We think politicians are unlikely to break-up the banks
We agree with Miliband that the U.K. banking market is concentrated, but think that a plan to break up the banks will very likely prove unrealistic. We see the U.K. retail banking market as a rational oligopoly. The top five banks - Lloyds, RBS, HSBC (HSBA), Barclays (BARC), and Santander (BNC) - control about 85% of the market and Lloyds alone controls 30%. We have long thought that these banks compete softly on price, and think that this soft competition is the source of the 20%-plus pre-tax returns on equity that we regularly see from U.K. retail banking.

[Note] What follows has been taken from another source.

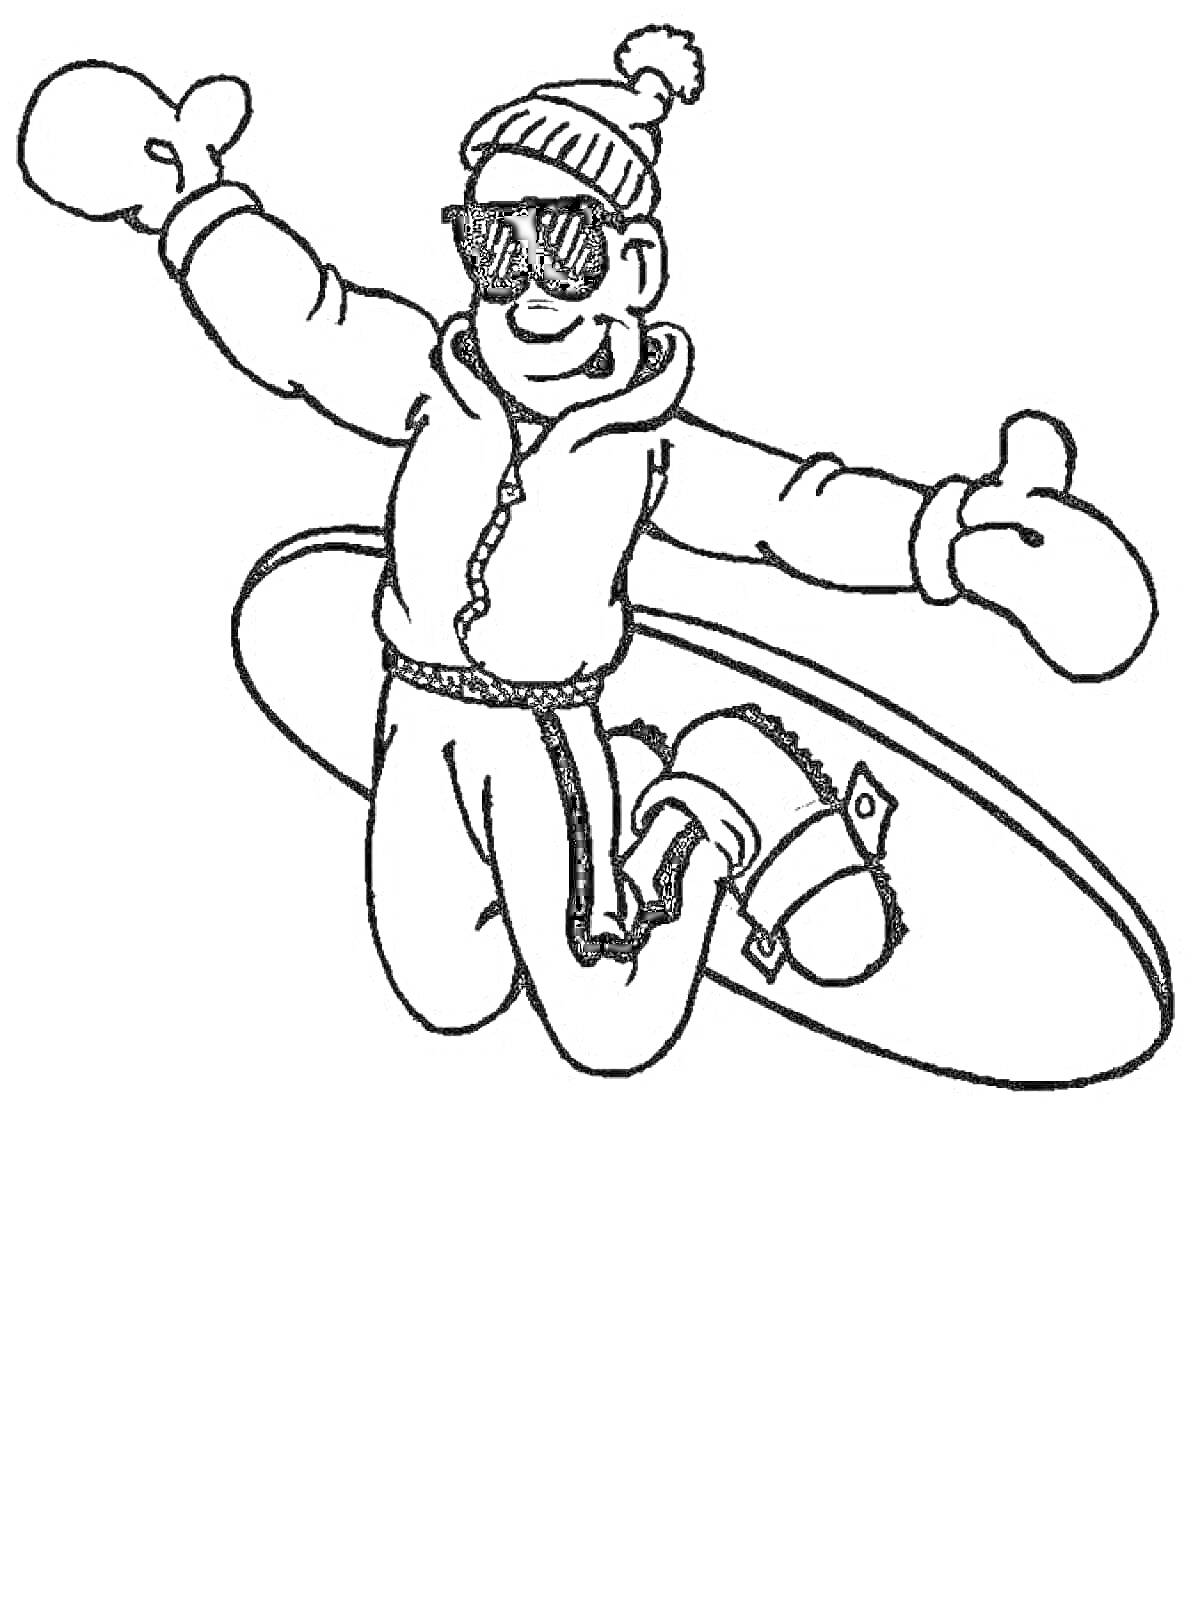 мальчик на сноуборде в зимней одежде и солнечных очках, выполняющий трюк в воздухе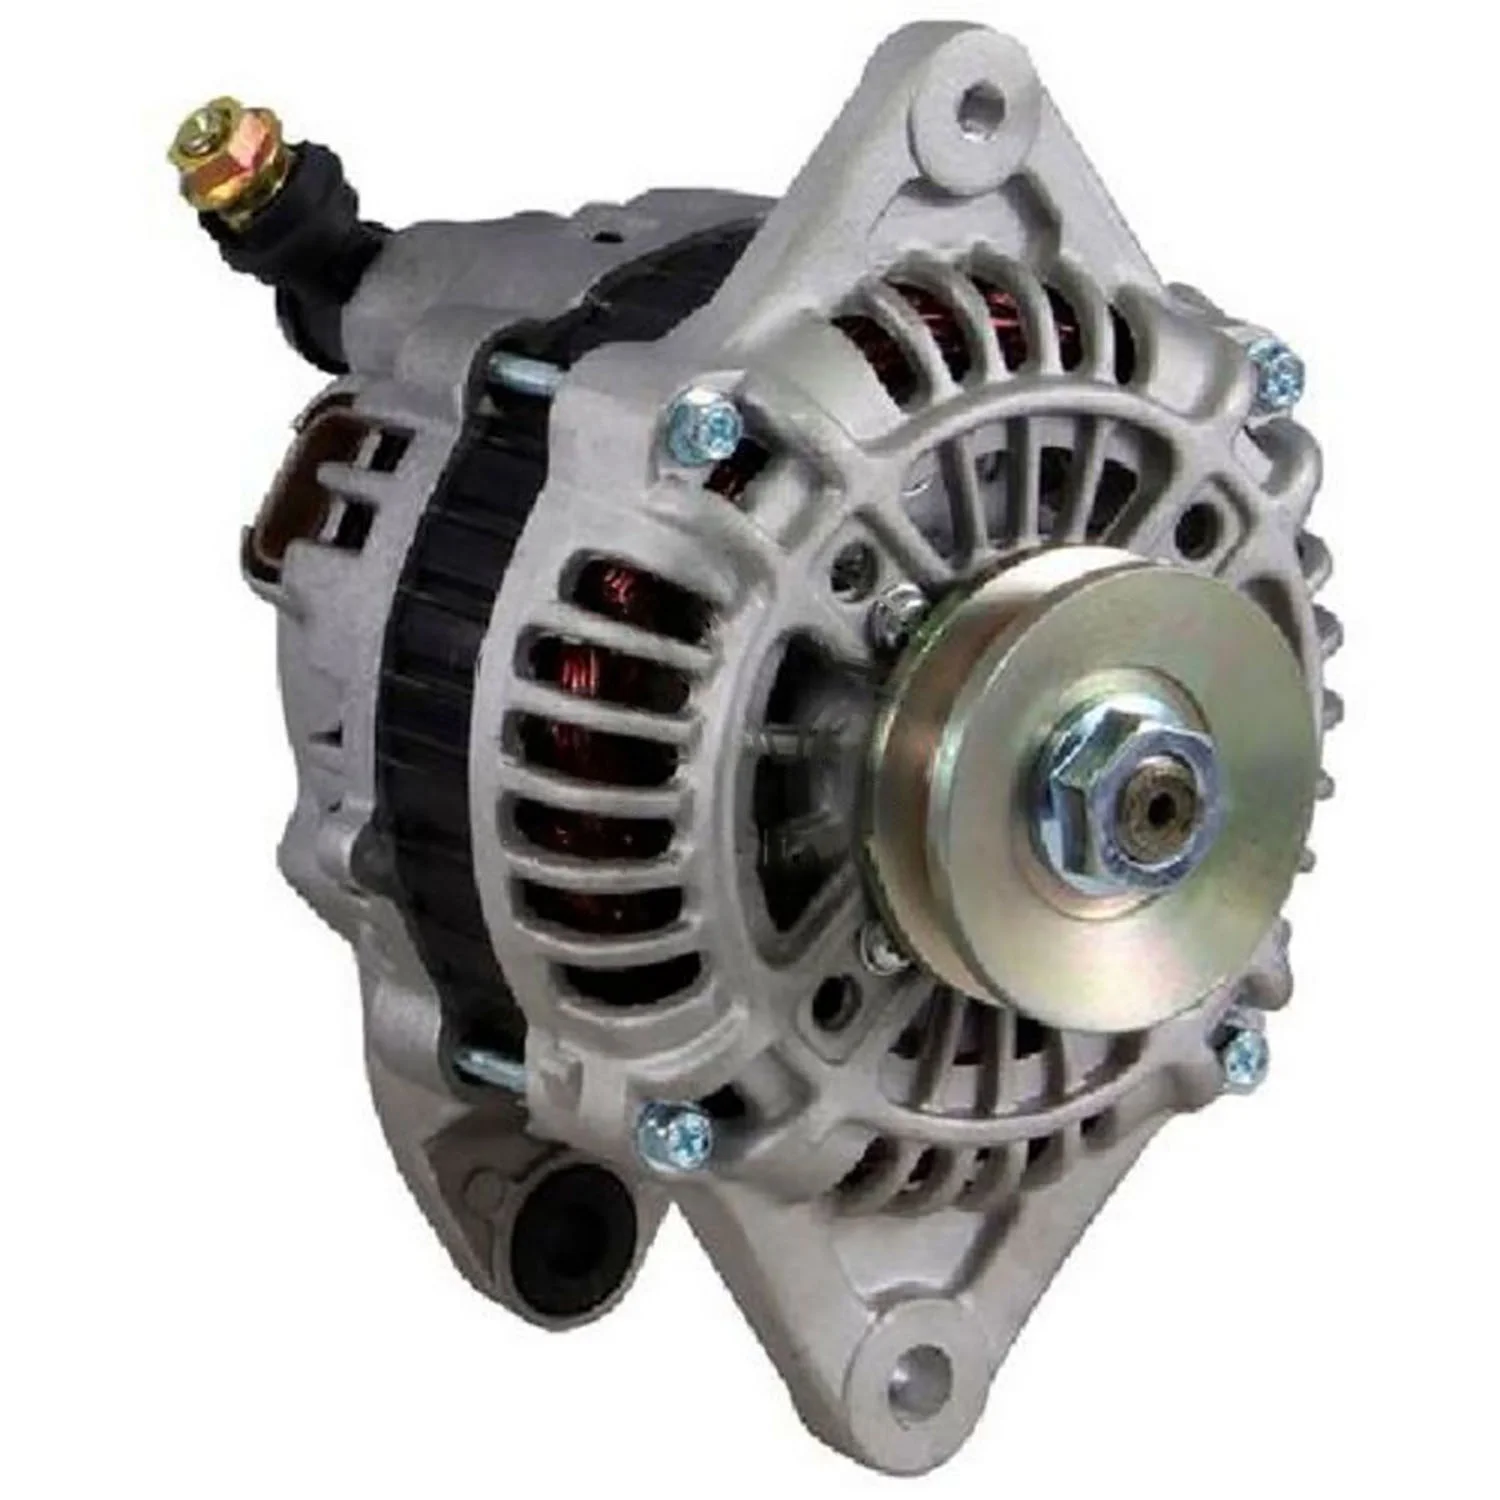 

Auto Dynamo Alternator Generator For Ford MZD Mitsubishi VLEO 112100 E9JY10300AA ALM1177UX F2E818300 FE2818300 JE1518300

However, we think that retail banking is a scale-driven business in which rational oligopolies appear regularly. Even in the U.S., which is seen as a more fragmented market, a few banks typically dominate any particular geography's banking market and high-quality banks can out-earn their costs of equity. In the U.K., we note the difficulty that Lloyds and RBS have had finding buyers for the branches that they are already required to dispose of - it is too costly for buyers to capitalize and run sub-scale operations, especially given consumer preferences for banks with many convenient locations. While it is clearly technically possible to break up the retail banks, we think politicians are unlikely to do so, given the uncertain benefits to consumers and the clear costs to the economy. We plan to maintain our moat ratings, including our narrow moat rating for Lloyds.
As an aside, we think that Miliband may misunderstand the U.S. 10% bank market share cap, which he cited as a potential model. In the U.S., banks are not allowed to grow through acquisitions if their national deposit market share is greater than 10%. They are, however, allowed to grow organically whatever their market share, and are allowed to remain intact even if their share exceeds 10%.